• Assignment
Return only the lines below starting at the line containing "Masterwork Cymbals Verve" and ending at the line containing "Dish Brush and", both included, exactly as they are and with no pictures.

• Data supplied
**********

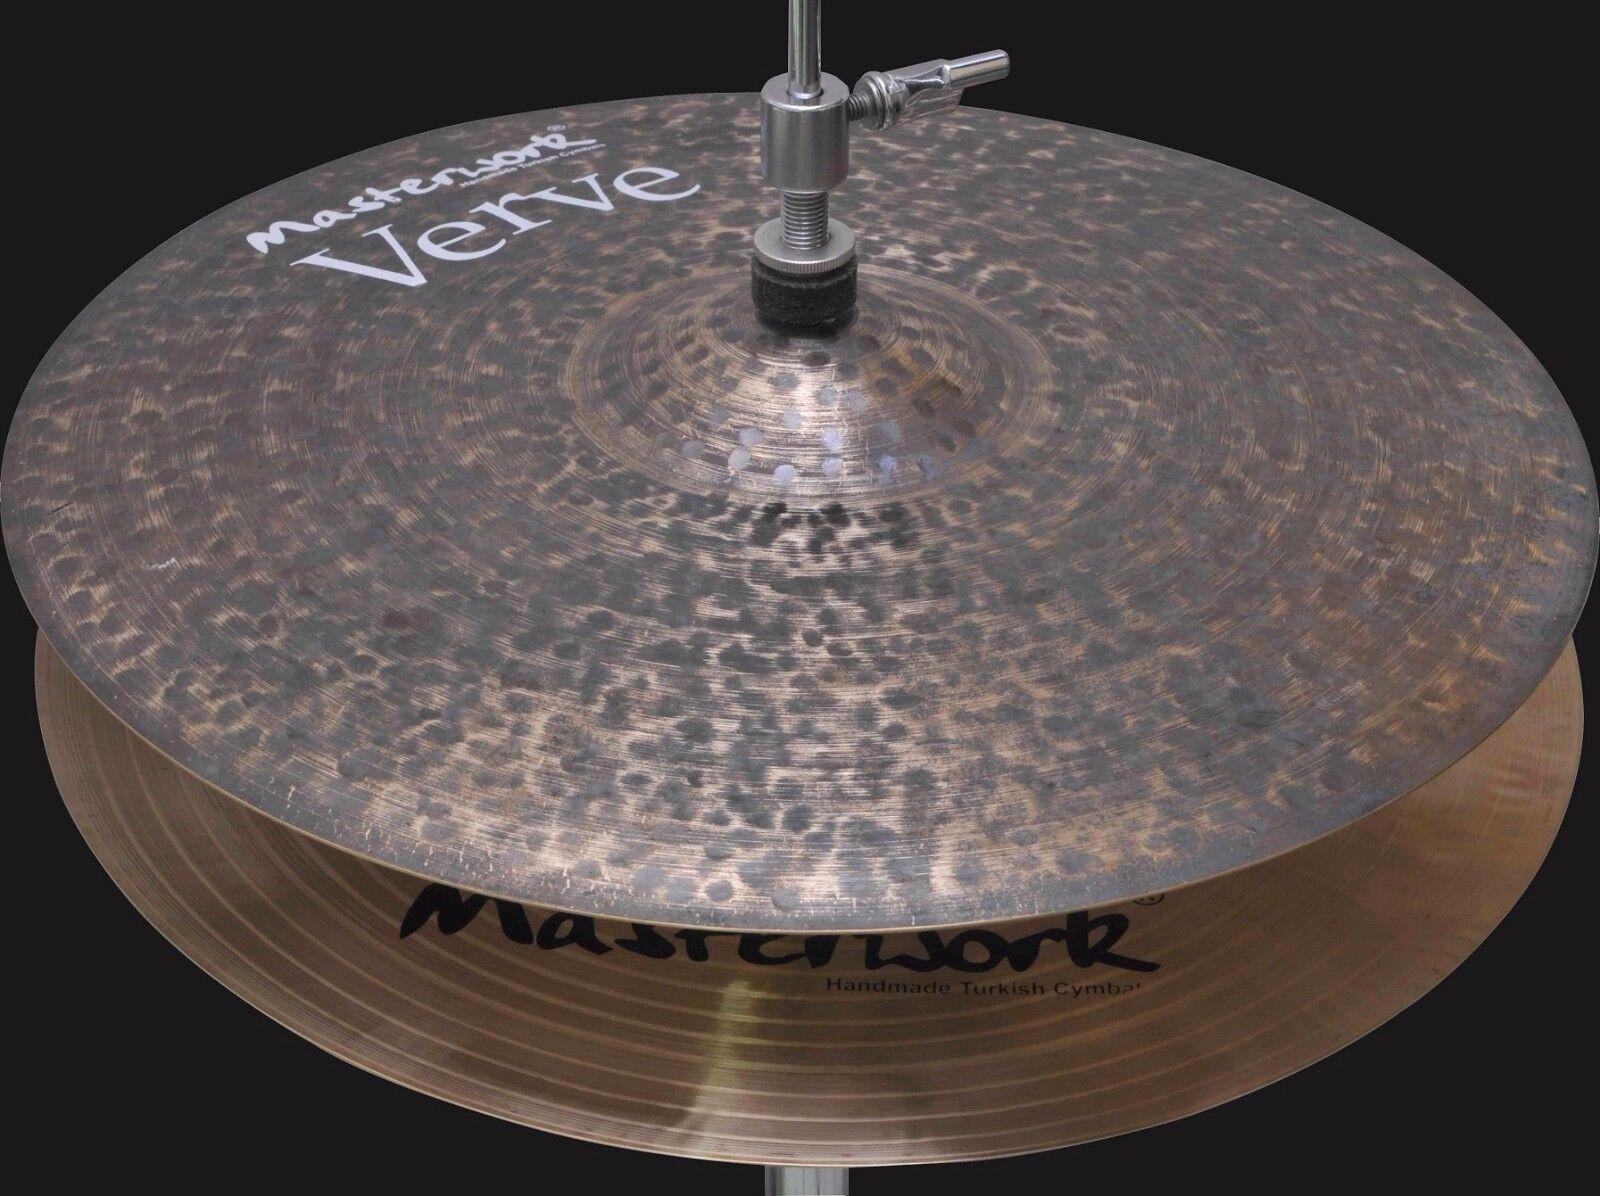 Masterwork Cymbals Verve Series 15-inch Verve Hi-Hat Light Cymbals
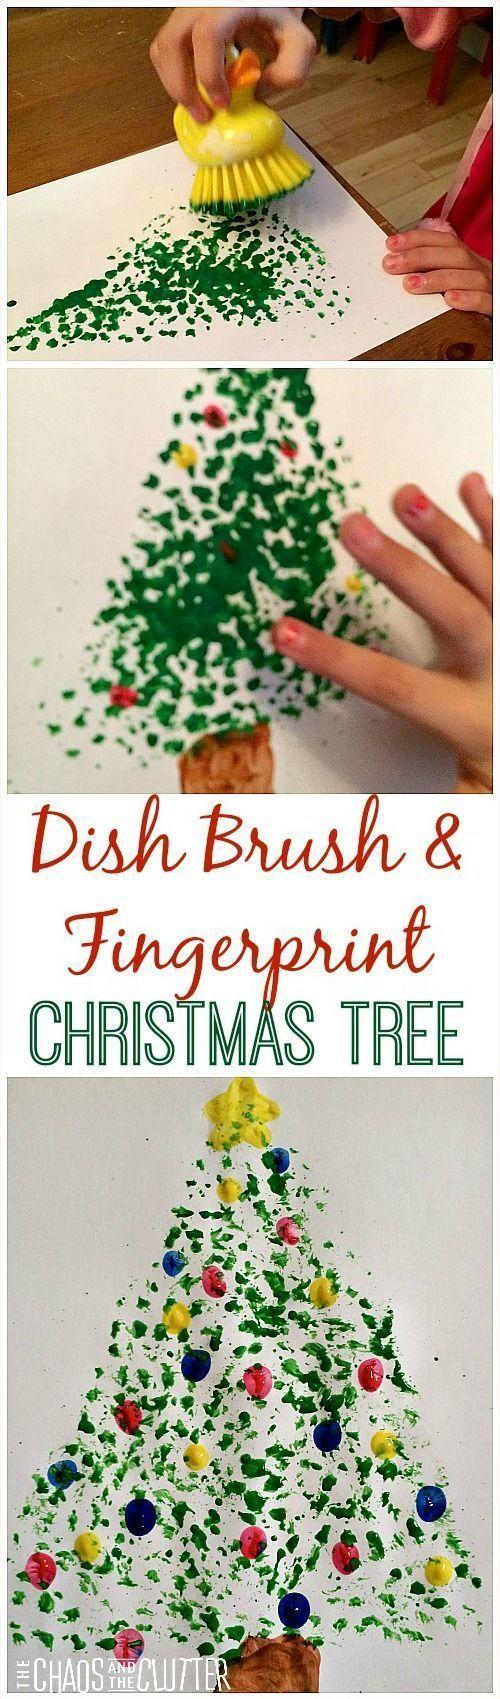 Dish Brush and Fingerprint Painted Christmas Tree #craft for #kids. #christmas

**********

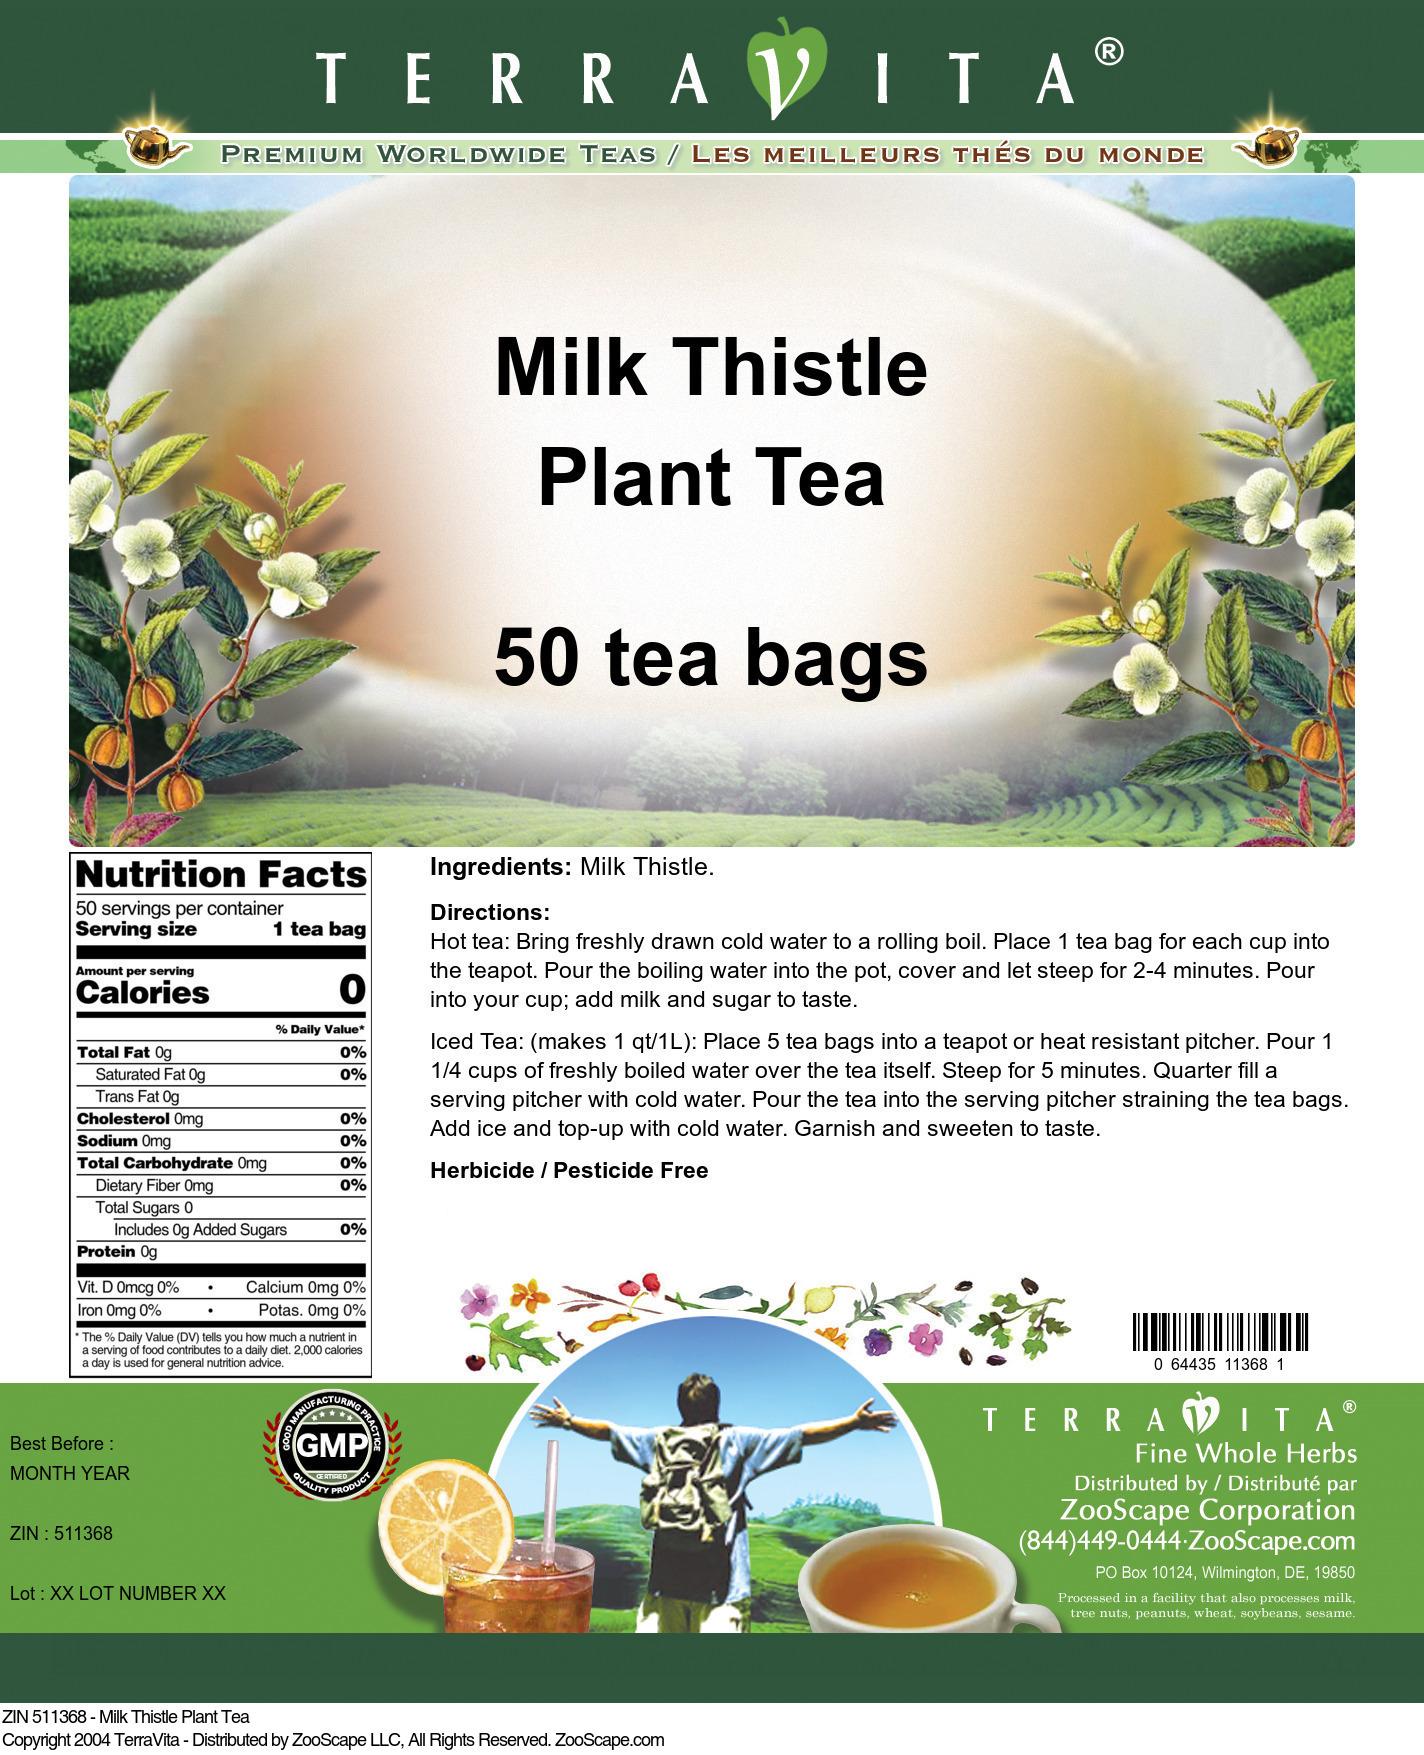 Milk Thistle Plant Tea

**********

• Worked solution
 Masterwork Cymbals Verve Series 15-inch Verve Hi-Hat Light Cymbals
 Dish Brush and Fingerprint Painted Christmas Tree #craft for #kids. #christmas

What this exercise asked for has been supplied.